→ **Exercise materials**:

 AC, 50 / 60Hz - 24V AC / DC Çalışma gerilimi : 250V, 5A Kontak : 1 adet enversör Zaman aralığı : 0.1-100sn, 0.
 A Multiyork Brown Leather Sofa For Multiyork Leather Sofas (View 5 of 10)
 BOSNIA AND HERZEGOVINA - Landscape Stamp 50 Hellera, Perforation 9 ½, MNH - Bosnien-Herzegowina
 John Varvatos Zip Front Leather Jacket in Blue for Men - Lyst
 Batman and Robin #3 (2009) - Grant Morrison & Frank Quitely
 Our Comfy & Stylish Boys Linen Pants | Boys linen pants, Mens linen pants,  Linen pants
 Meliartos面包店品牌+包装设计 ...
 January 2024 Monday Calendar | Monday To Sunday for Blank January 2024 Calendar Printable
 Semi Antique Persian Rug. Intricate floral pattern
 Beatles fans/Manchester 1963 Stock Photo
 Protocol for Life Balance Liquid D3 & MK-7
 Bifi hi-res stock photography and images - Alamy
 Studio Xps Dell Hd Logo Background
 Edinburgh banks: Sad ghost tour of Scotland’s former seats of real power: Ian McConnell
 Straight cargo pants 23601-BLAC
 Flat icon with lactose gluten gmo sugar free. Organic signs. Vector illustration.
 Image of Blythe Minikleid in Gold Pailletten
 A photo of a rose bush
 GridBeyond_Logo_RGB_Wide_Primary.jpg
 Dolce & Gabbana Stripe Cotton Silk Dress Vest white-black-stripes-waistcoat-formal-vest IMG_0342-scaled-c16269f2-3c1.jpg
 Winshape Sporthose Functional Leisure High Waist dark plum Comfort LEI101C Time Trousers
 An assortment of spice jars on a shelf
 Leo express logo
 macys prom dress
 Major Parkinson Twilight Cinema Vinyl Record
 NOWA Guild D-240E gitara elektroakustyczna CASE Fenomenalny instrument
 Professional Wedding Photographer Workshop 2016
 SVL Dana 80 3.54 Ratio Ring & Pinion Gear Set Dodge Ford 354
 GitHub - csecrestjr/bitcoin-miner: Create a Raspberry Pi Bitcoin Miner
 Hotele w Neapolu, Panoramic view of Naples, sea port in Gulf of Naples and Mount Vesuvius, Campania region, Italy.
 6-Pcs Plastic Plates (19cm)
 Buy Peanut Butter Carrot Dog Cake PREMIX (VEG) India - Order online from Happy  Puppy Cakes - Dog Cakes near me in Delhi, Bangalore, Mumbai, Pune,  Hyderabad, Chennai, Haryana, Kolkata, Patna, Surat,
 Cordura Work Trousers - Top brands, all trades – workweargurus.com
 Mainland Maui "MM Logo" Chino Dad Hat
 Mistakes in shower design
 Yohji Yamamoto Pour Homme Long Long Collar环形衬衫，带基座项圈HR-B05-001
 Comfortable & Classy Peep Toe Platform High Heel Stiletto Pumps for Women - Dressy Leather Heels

→ **About this exercise**:
Write down again, exactly as given, only the lines above that fall from the line with "Major Parkinson Twilight Cinema Vinyl Record" to the line with "Yohji Yamamoto Pour", inclusive.

→ **Answer for the task**:
 Major Parkinson Twilight Cinema Vinyl Record
 NOWA Guild D-240E gitara elektroakustyczna CASE Fenomenalny instrument
 Professional Wedding Photographer Workshop 2016
 SVL Dana 80 3.54 Ratio Ring & Pinion Gear Set Dodge Ford 354
 GitHub - csecrestjr/bitcoin-miner: Create a Raspberry Pi Bitcoin Miner
 Hotele w Neapolu, Panoramic view of Naples, sea port in Gulf of Naples and Mount Vesuvius, Campania region, Italy.
 6-Pcs Plastic Plates (19cm)
 Buy Peanut Butter Carrot Dog Cake PREMIX (VEG) India - Order online from Happy  Puppy Cakes - Dog Cakes near me in Delhi, Bangalore, Mumbai, Pune,  Hyderabad, Chennai, Haryana, Kolkata, Patna, Surat,
 Cordura Work Trousers - Top brands, all trades – workweargurus.com
 Mainland Maui "MM Logo" Chino Dad Hat
 Mistakes in shower design
 Yohji Yamamoto Pour Homme Long Long Collar环形衬衫，带基座项圈HR-B05-001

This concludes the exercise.